Sunday, July 17, 2005

Item from the Past: July Fourth on the Malaysian Peninsula

On July 4 [1994] we boarded a train in Bangkok, which pulled out at 15:15 and headed south, through the hilly lushness and small towns on the Isthmus of Kra, a land feature that fascinated me on maps as far back as elementary school (along with Sulawesi, which I knew as the Celebes). It’s a long isthmus, and the train wasn’t especially fast, so we rolled on into the night.


Next to us was a girl freshly out of Berkeley, Kara, who had a lot to say about where she’d been, e.g., “China sucked!” We sympathized. She was one of the few other North Americans I’ve met in recent weeks. Plenty of Europeans, plenty of Australians, but not so many from my continent -- too bad, southeast Asia is worth the trip.


The berths were simple but reasonably comfortable, and the air conditioning worked fairly well, unlike during the run up to Chang Mai a few weeks ago. We arrived at the frontier with Malaysia just after waking up, and spent a while outside the train on the formalities of border-crossing.


We arrived at Butterworth more or less on time, and caught an enormous car ferry, mostly empty, for the short hop to Penang Island. Once on the island, we paid a tricycle rickshaw man RM$4 -- $3 fare, $1 tip -- to take us to the New China Hotel. He was the picture of a rickshaw man: wiry, deep brown, Chinese. The New China, a charming dump, distinctly risky in terms of fire (though we had a large window for escape), was cheap and well-located in Georgetown.

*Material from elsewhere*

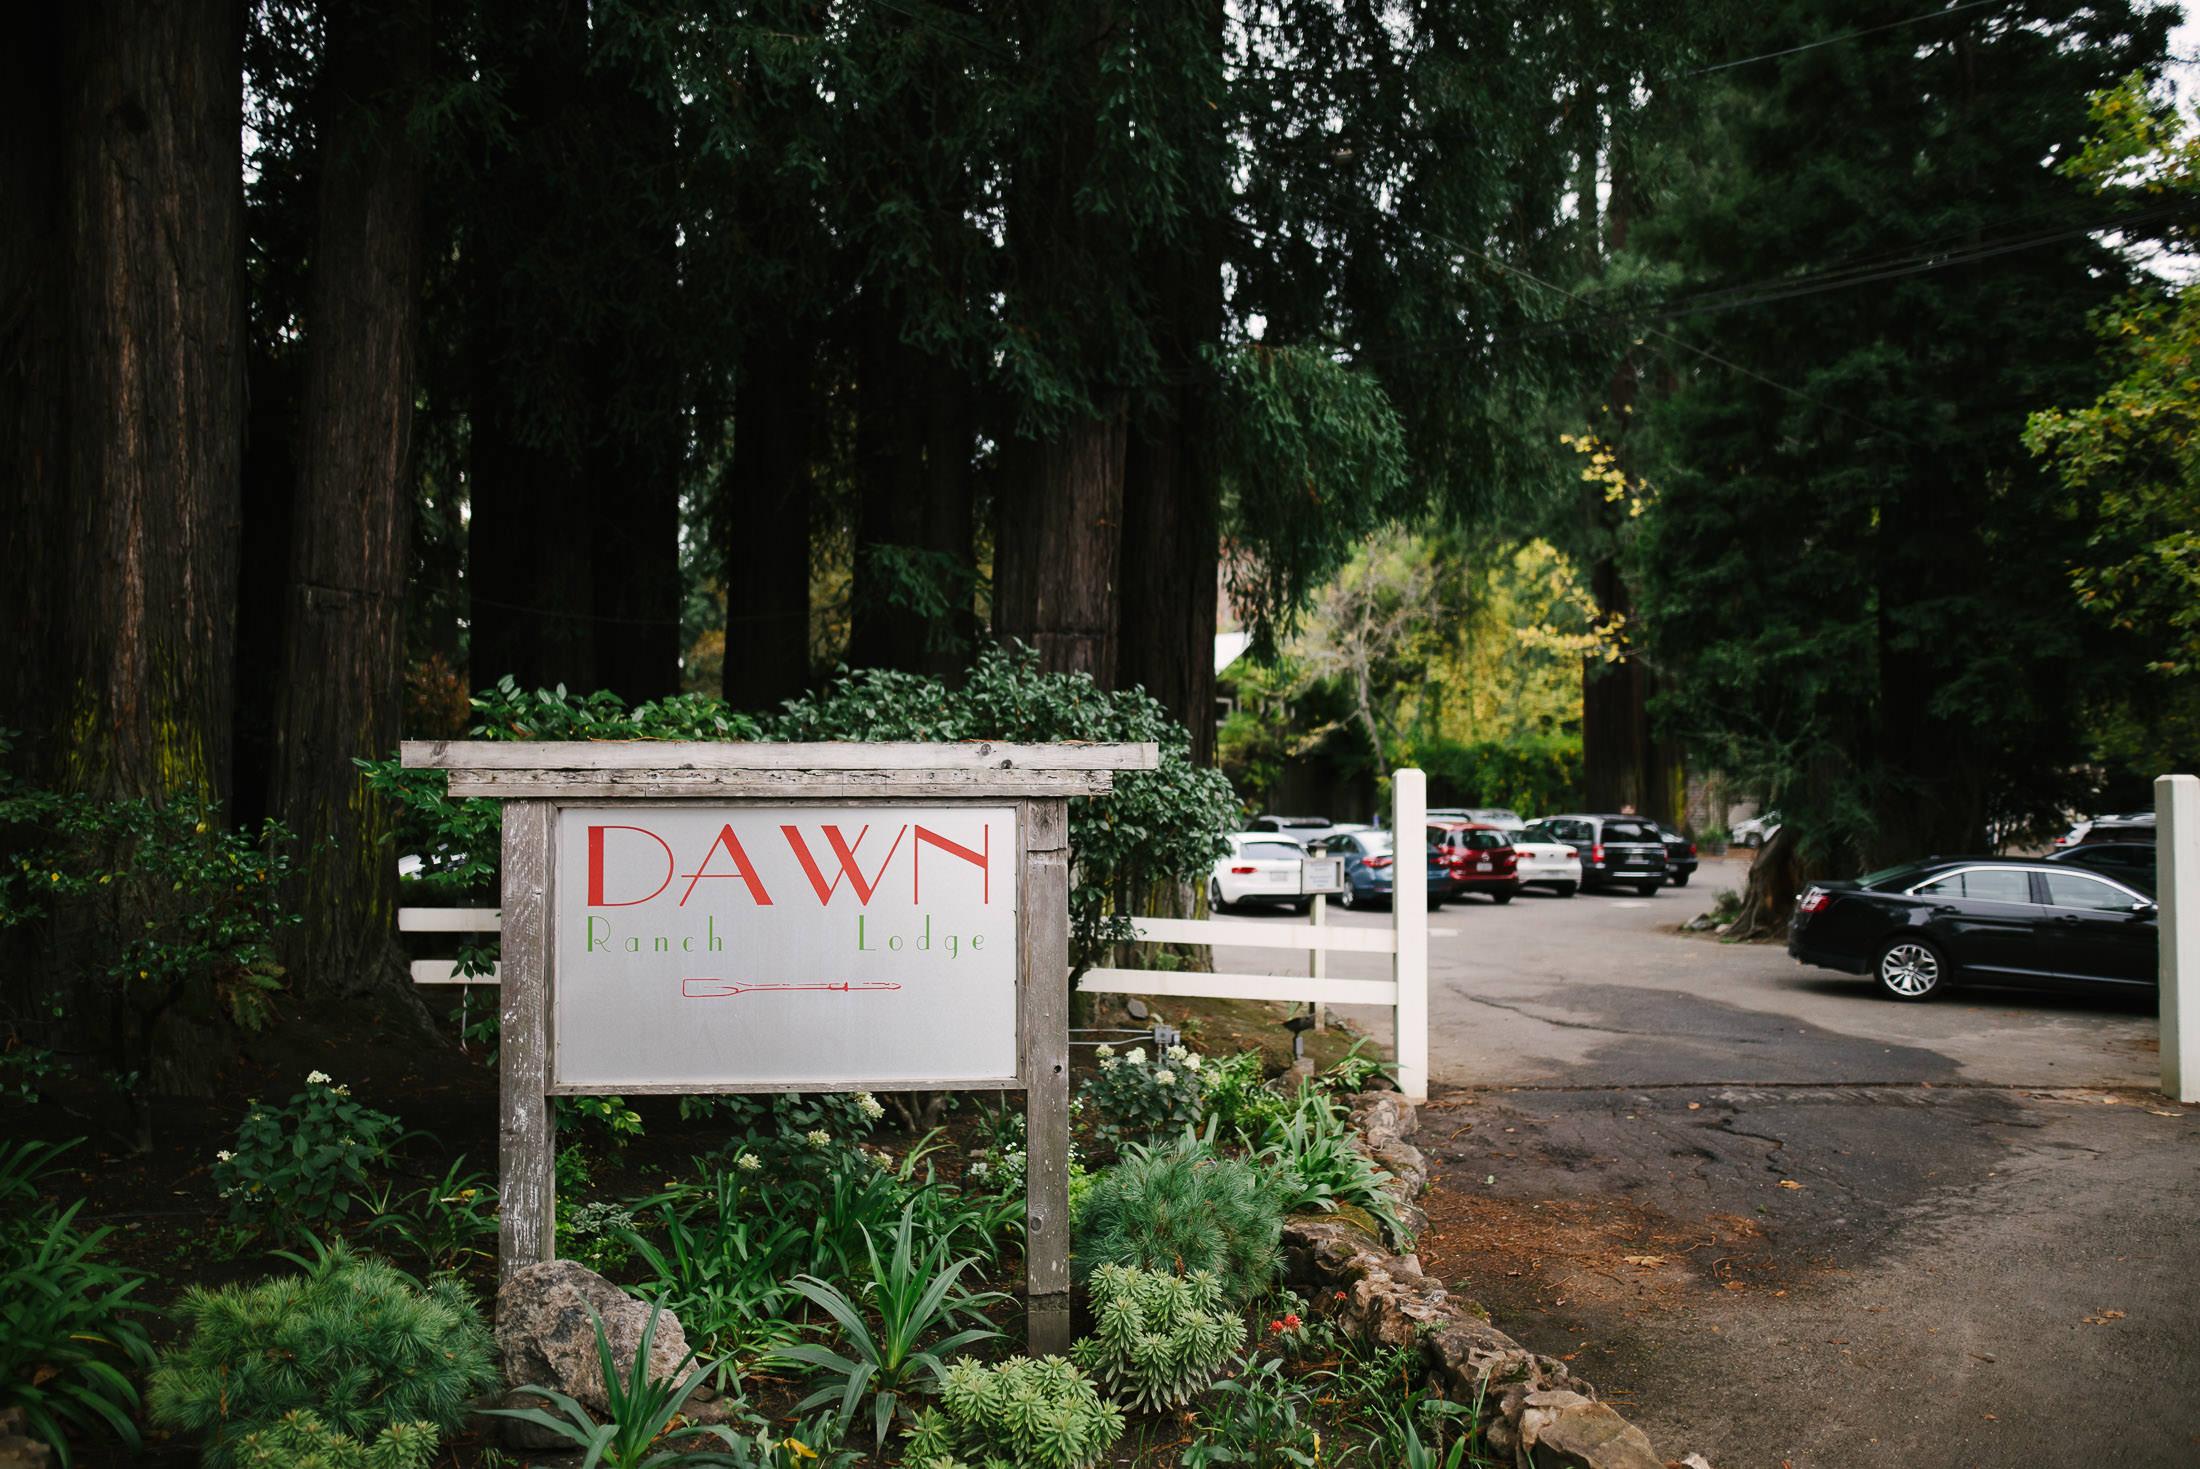 Dawn Ranch Wedding entrance
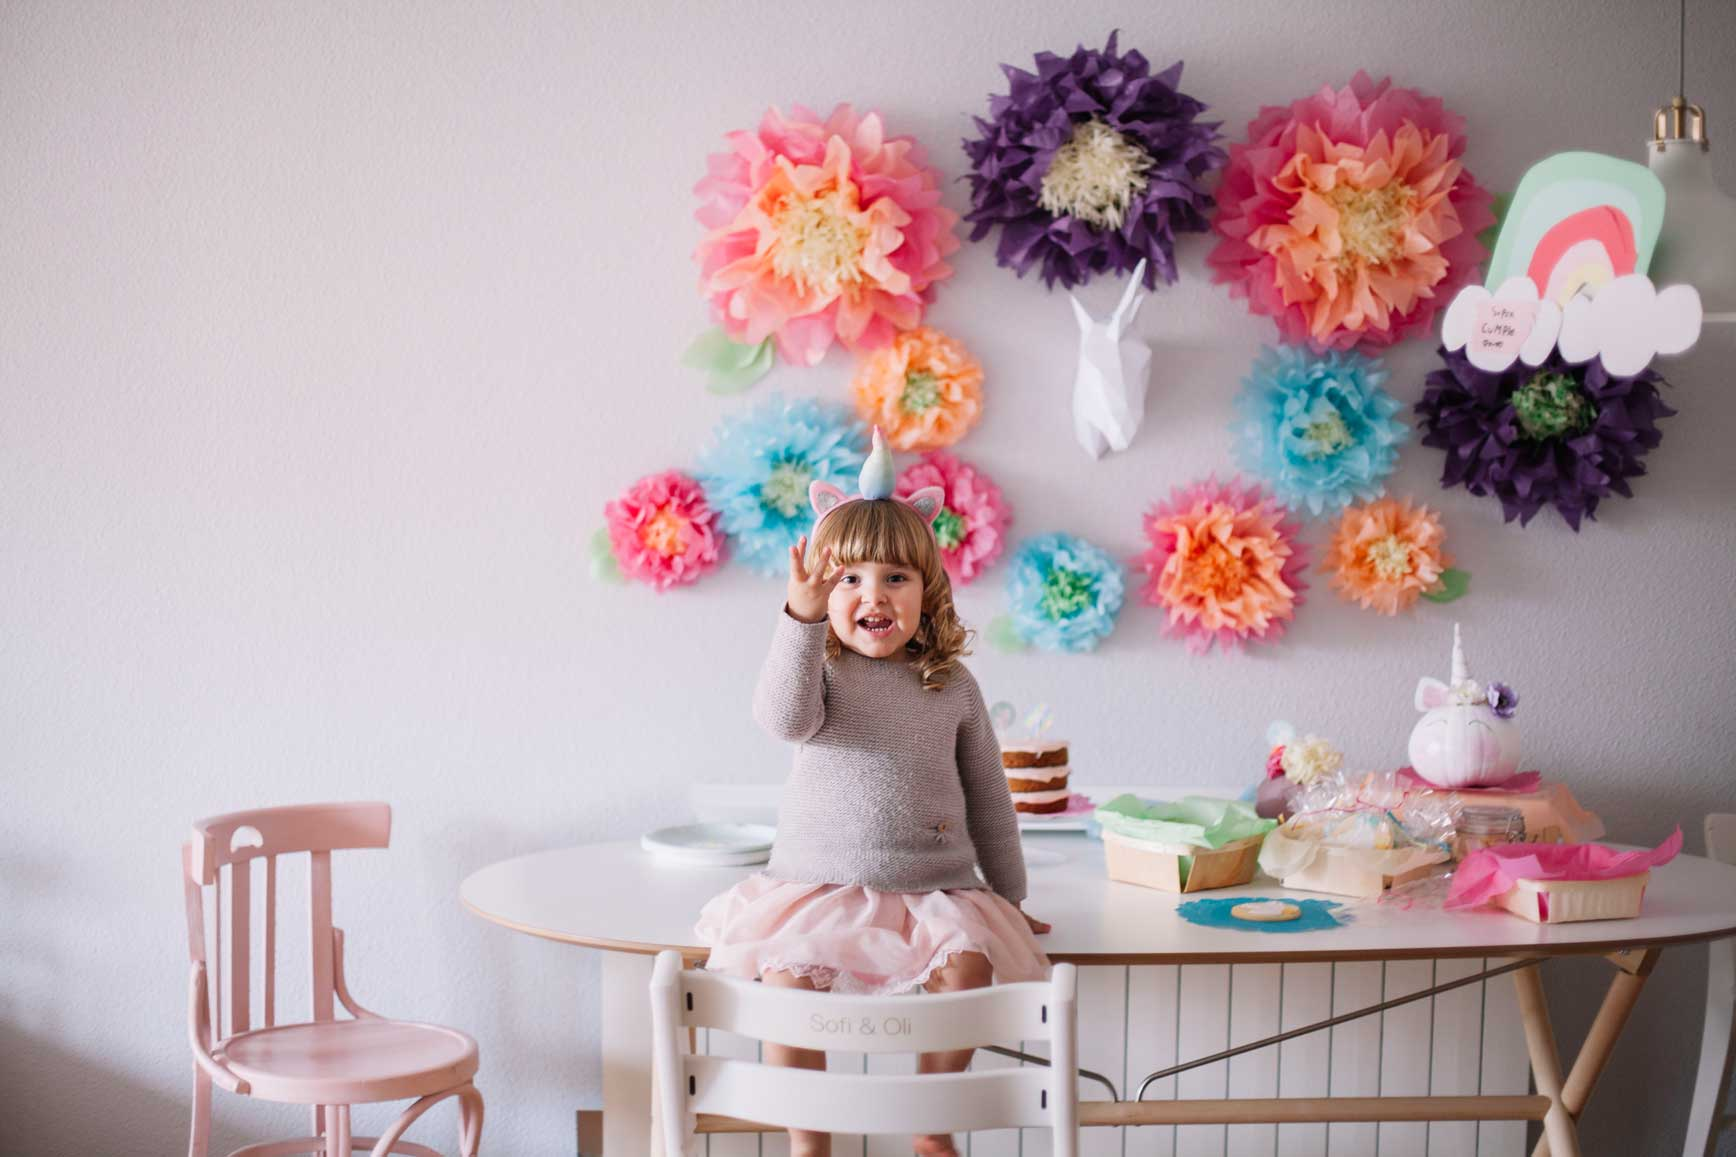 Fiestas de cumpleaos en casa fiestas infantiles de - Ideas para fiestas de cumpleanos infantiles en casa ...

Wooden floors, high ceilings, a flapping ceiling fan. Squat toilets, cold showers, and an indifferent-looking bar downstairs. All for RM$17.60 a night.


Georgetown turned out to be a low-rise, whitewashed, somewhat seedy town, good for walking after the heat of the day died down, and early in the morning. I took a couple of good walks before Yuriko woke. Over the next few days took in Ft. Cornwallis (nice clocktower), wandered around the Komtar Mall, saw the Kek Lok Sri temple, climbing its pagoda, swam at Batu Ferringhi beach, and rode the cable railway up Penang Hill. To escape the heat, we saw Heaven and Earth, an Oliver Stone failure, and the moderately funny Maverick, both subtitled in Bahasa Malaysia.